In distanza apparvero le luci di una città di medie dimensioni, e più oltre il reticolo geometrico delle piste e degli edifici di un astroporto militare. Con un sussulto Cordelia si rese conto che da qualche minuto c’era una quantità di armi automatiche puntate su di loro. Drou trasmise codici di riconoscimento uno dopo l’altro mentre scendevano di quota, in risposta alle fredde richieste della torre di controllo. La vettura scese in verticale su una stretta pista illuminata per loro, circondata da guardie armate; i due aerei di scorta passarono via più in alto e si allontanarono per riprendere il servizio di pattuglia.

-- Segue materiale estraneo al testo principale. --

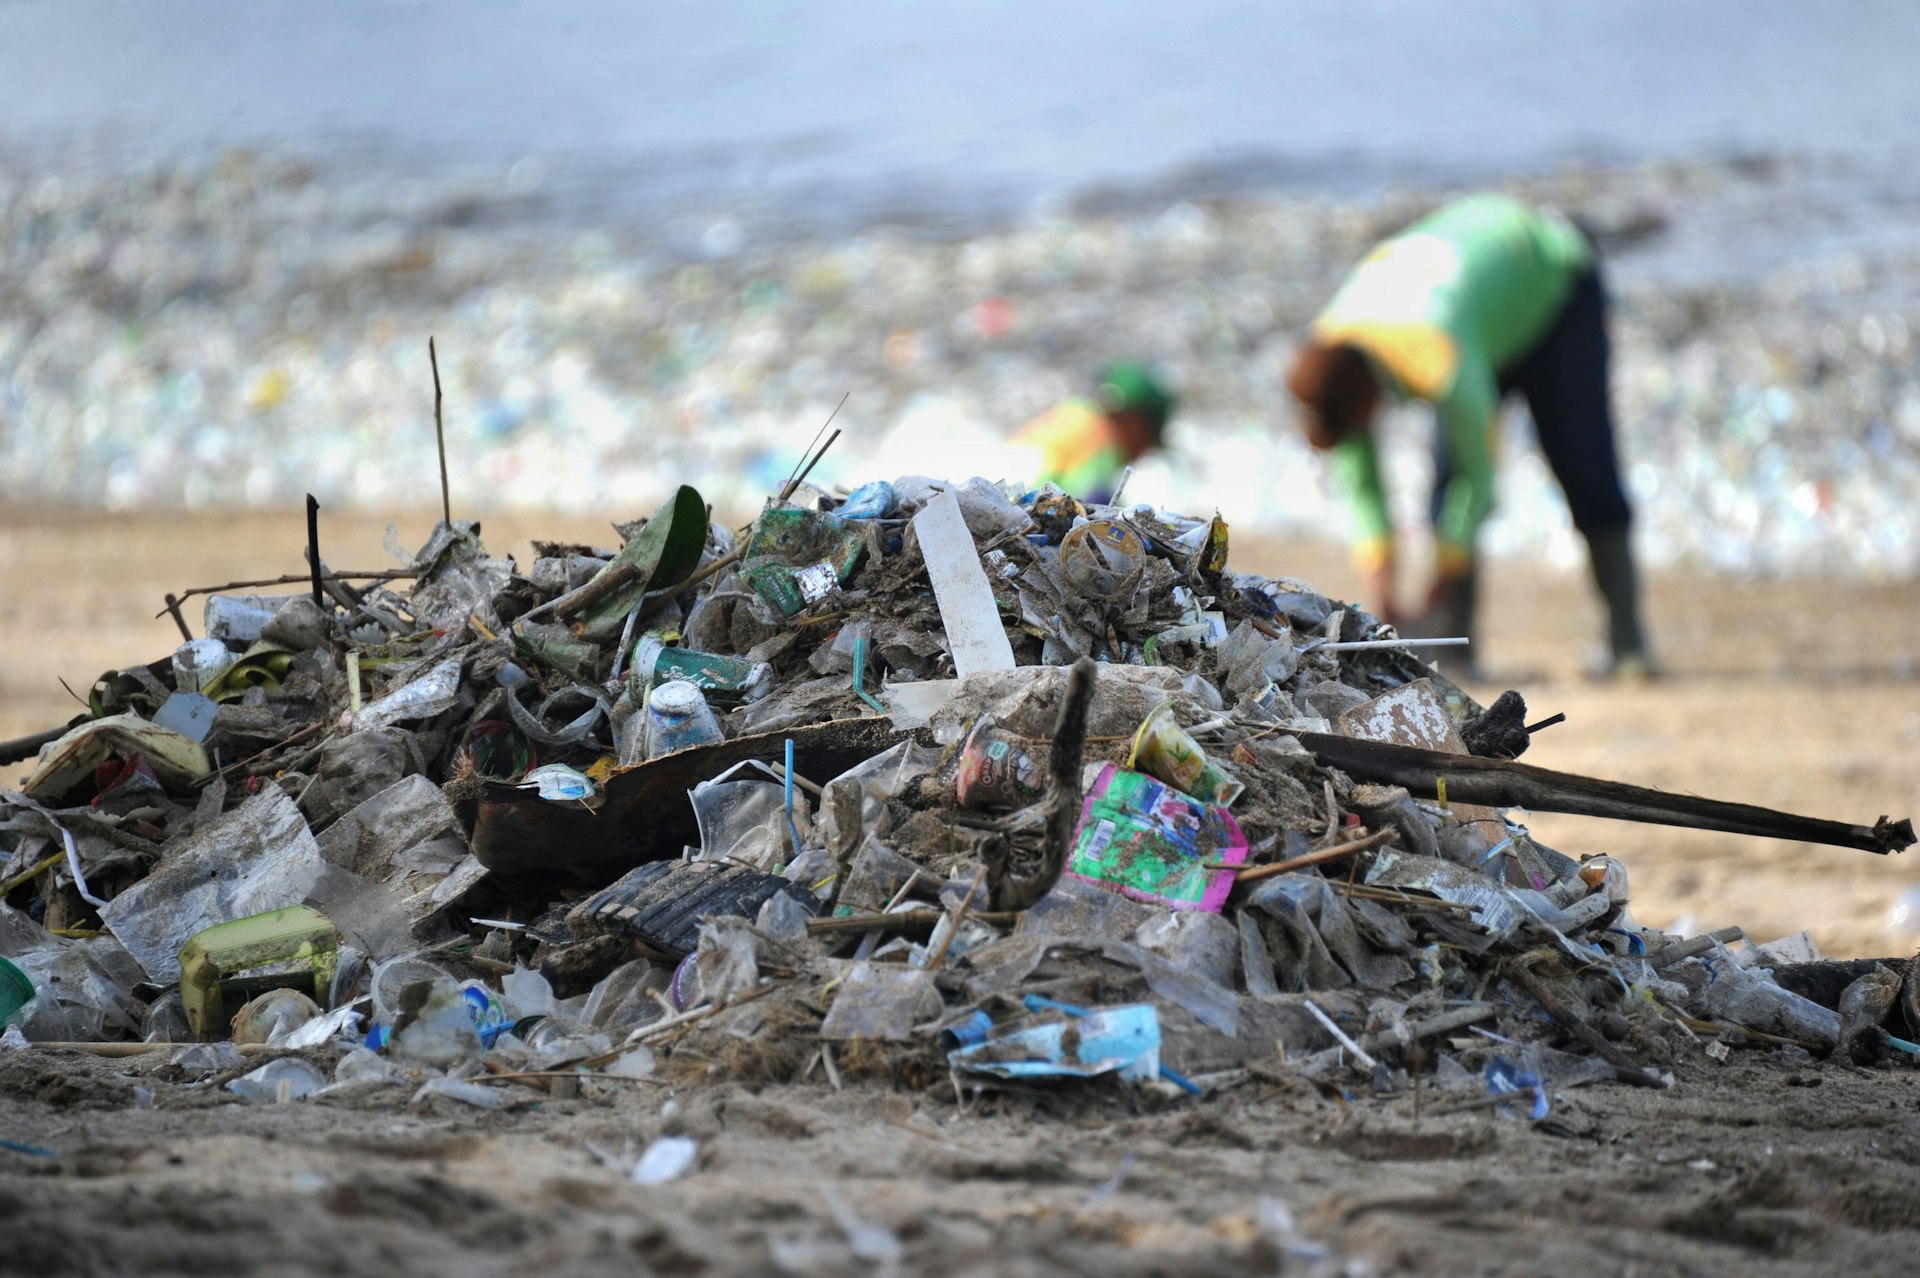 A mound of garbage on Kuta Beach in Bali. In the distance, and slightly out of focus, two people work to clear the litter from the sand.

Sei guardie li presero in consegna appena scesero, e adeguandosi al passo non troppo rapido di Koudelka li scortarono all’imboccatura di un pozzo antigravità. La piattaforma scese per una ventina di metri, si spostò orizzontalmente oltre un portellone blindato e continuò a scendere. La Base Tanery ospitava evidentemente un’ampia struttura sotterranea in grado di resistere a un attacco atomico. Ben vengano i bunker, pensò Cordelia con sollievo, ma gli odori familiari che stava respirando le diedero un lungo momento di confusione emotiva, un terribile senso di perdita e di nostalgia. Gli interni di Colonia Beta erano molto più eleganti e decorati di quei tunnel spogli, e tuttavia l’impressione era la stessa di chi scendeva nei livelli di servizio di una città sotterranea betana. Chiusa e autosufficiente, sicura, protetta… Vorrei essere a casa mia.

Nel corridoio dove la piattaforma li scaricò, tre ufficiali in uniforme verde stavano conversando davanti alla porta di un ufficio. Uno di essi era Aral, che appena la vide s’interruppe: — Grazie, signori. Potete andare. — E poi, voltandosi a mezzo, aggiunse: — Ne discuteremo di nuovo più tardi. — Ma gli altri due restarono lì, e continuarono a parlare.